But he continued to work, even through his hours of greatest suffering. He set the chorale “When we are in the greatest need” in four parts, dictating them to Altnikol, his son-in-law. An extraordinary thing happened ten days before his death; one morning he was able to see well and to bear daylight; but a few hours after an apoplectic stroke, followed by a violent fever, completely overcame him. The attentions of the two best doctors in Leipsic could not avail against the illness, and at a quarter past eight o’clock in the evening of July 28, 1750, he breathed his last.

St John’s Church, Leipsic

He was buried in St John’s churchyard, and, like that of Mozart, his grave was forgotten and lost. The churchyard was altered early in the nineteenth century, to allow of a new road being made, and his bones with those of many others were removed. Some remains lately discovered on the south side of the church are supposed with good reason to be those of Bach; but nothing is known for certain.

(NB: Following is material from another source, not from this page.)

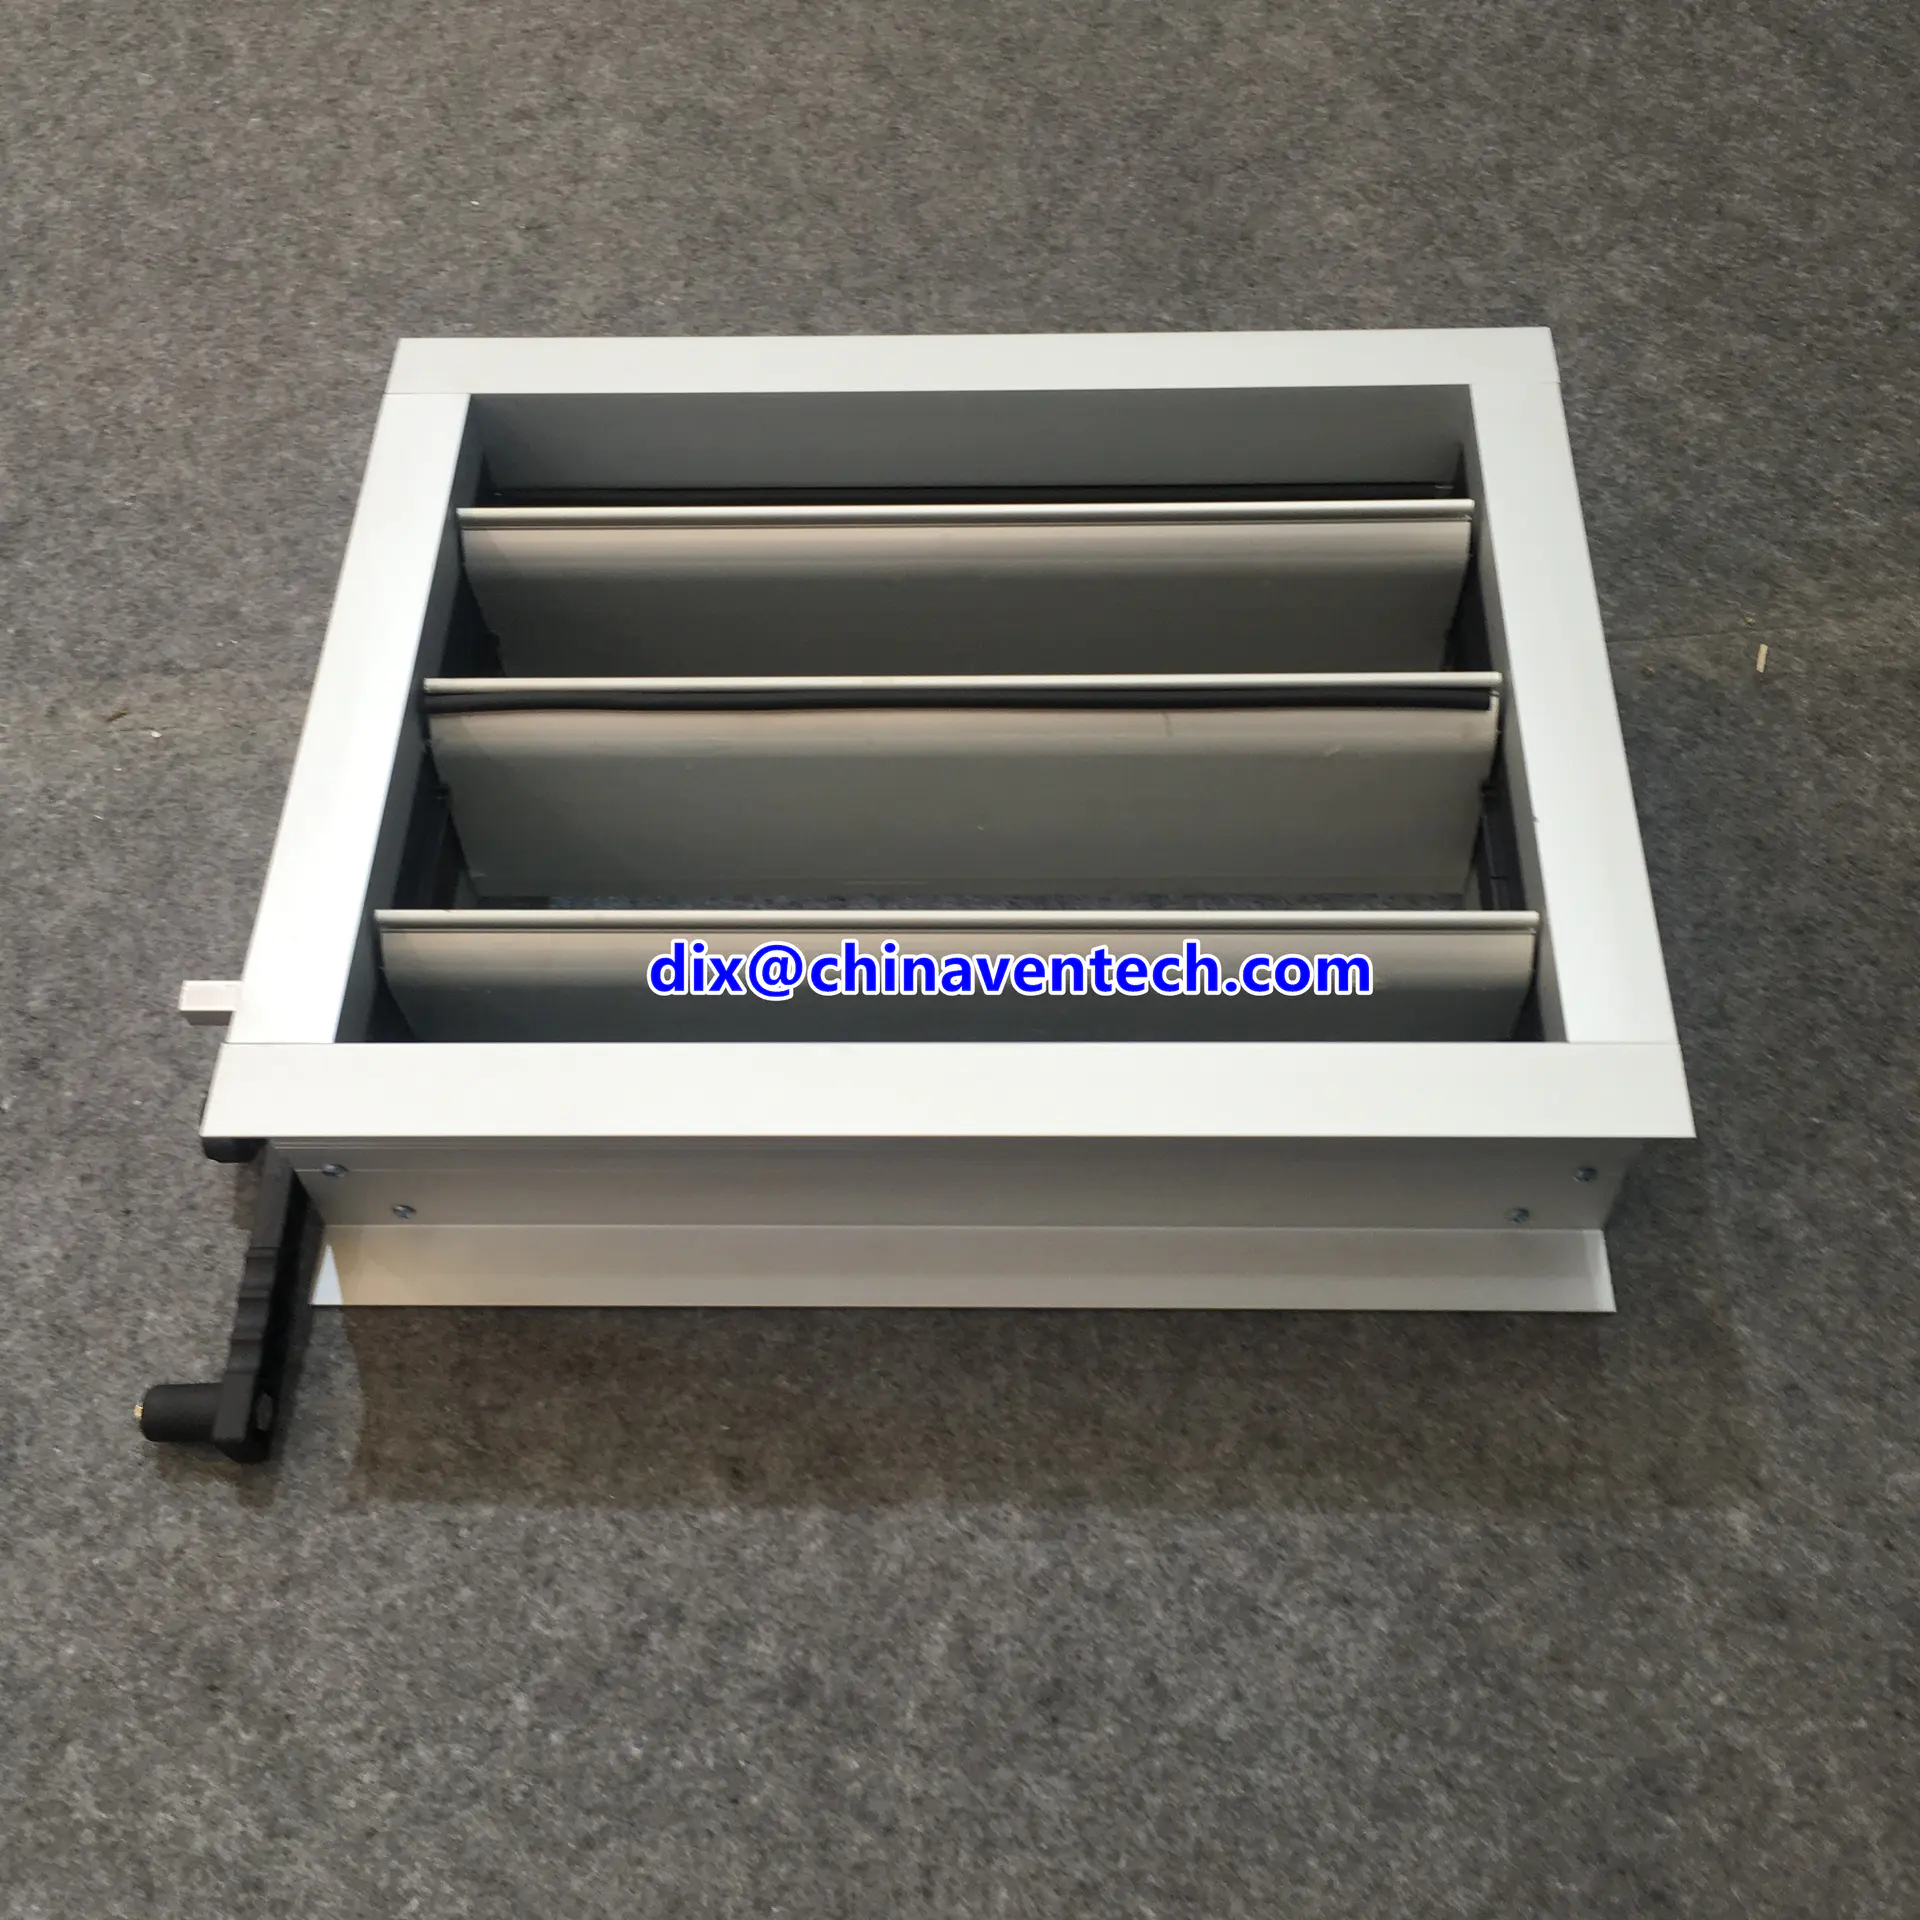 HVAC Duct Ventilation Aluminium Adjutable Blades Air Volume Control Damper

On his deathbed he had dictated to Altnikol the chorale “Vor deinen Thron tret ich hiemit.” The Leipsic Chronicle notices his death as follows: “July 28, at eight in the evening the famous and learned musician Herr Joh. Sebastian Bach, composer to His Majesty the King of Poland and Elector of Saxony; Capellmeister to the Courts of Cöthen and Weissenfels, Director and Cantor of the school of St Thomas, died.” Here follows a sketch of his life. “The Bach family came from Hungary, and all, as far as is known, have been musicians, from which perhaps arises the fact that even the letters b, a, c, h, form a melodic succession of notes.”[54]

That is all; not one word of regret. Nor do we find that much notice anywhere was taken of the death of the great man. A meeting of the Council took place shortly afterwards in which, while no expressions of sympathy were heard, the remark was made, “Herr Bach was a great musician no doubt, but we want a schoolmaster, not a capellmeister”; and they proceeded at once to arrange for the instalment of Harrer.

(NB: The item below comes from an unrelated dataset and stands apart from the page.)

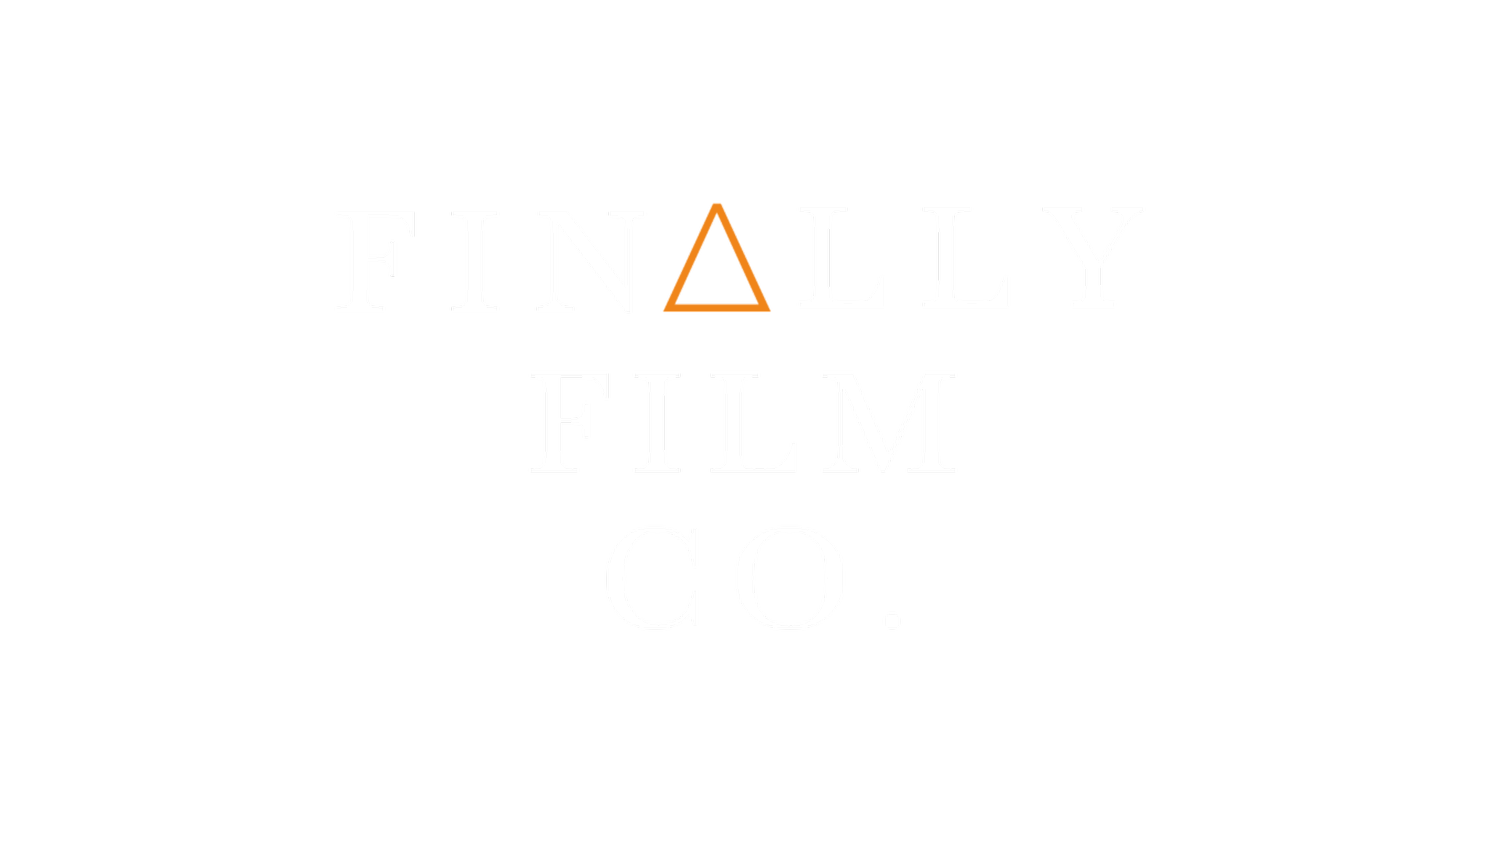 FINALLY FILM COMPANY

Fate of the Widow and Children

The sons of the first marriage took possession of all music that was of value, and sold the rest of the property. Görner, Bach’s former rival, undertook the duties of guardian to his younger children, and seems to have fulfilled the task with propriety and reverence. Bach’s widow was allowed her husband’s salary for six months, after which, receiving no help from her stepsons, she supported her younger children as well as she could, and becoming gradually poorer, died in an almshouse and was buried in a pauper’s grave. The youngest daughter, Regina, lived till 1809, and was supported by charity in her old age.

The family of Joh. Sebastian Bach gradually died out, and is now extinct, the last representative, a farmer of Eisenach, having died in 1846.

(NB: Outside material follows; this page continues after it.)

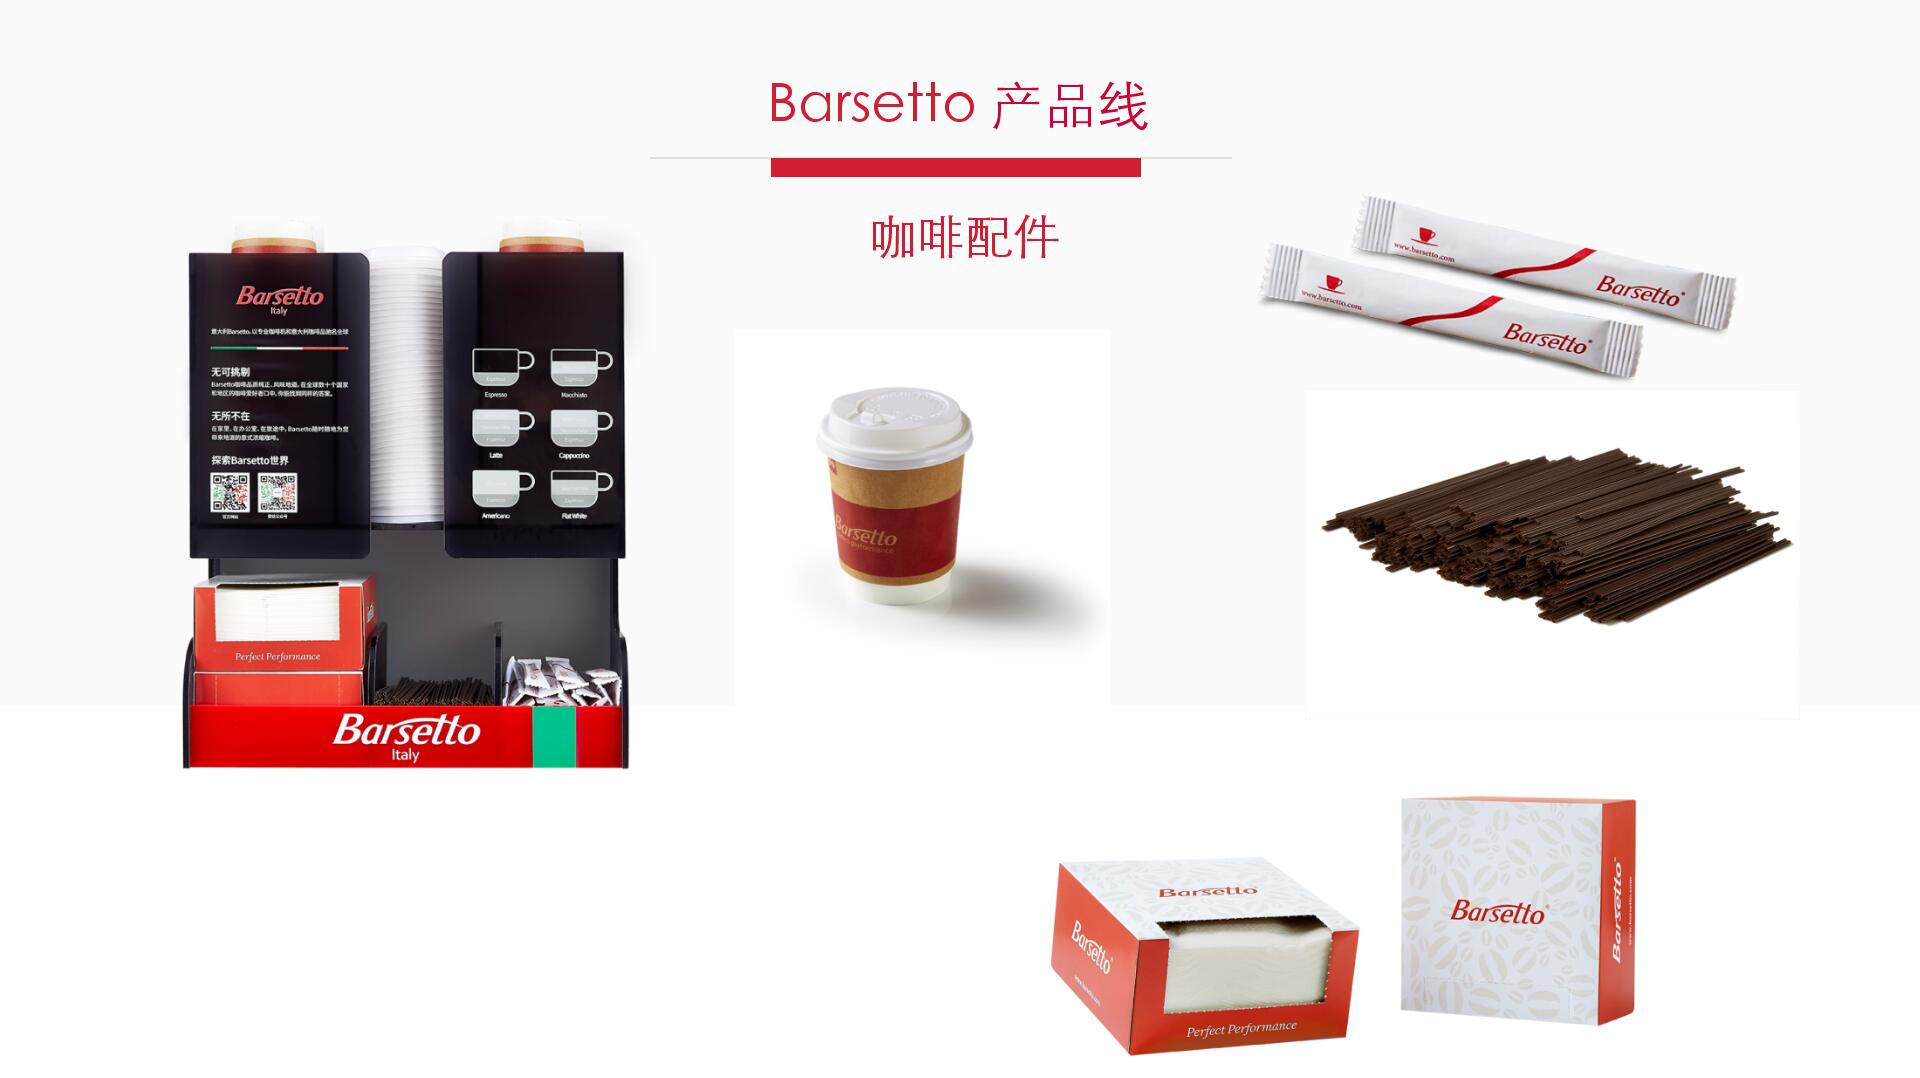 Barsetto 咖啡机方案 (13)

Bach’s music fell more and more into oblivion, and for a time his name seems to have been forgotten. In 1883 a room in the Thomas-schule was used as the English Church, and on the first floor a smaller room was used as the vestry. In the latter was a cupboard in which the communion plate and surplices were kept. The writer was told that this cupboard had formerly been full of music MSS., and that during the years of oblivion, whenever a Thomas-schule boy wanted a piece of paper to wrap up his “Butterbrod” he was allowed to tear out a sheet of paper from one of Bach’s manuscripts.[55]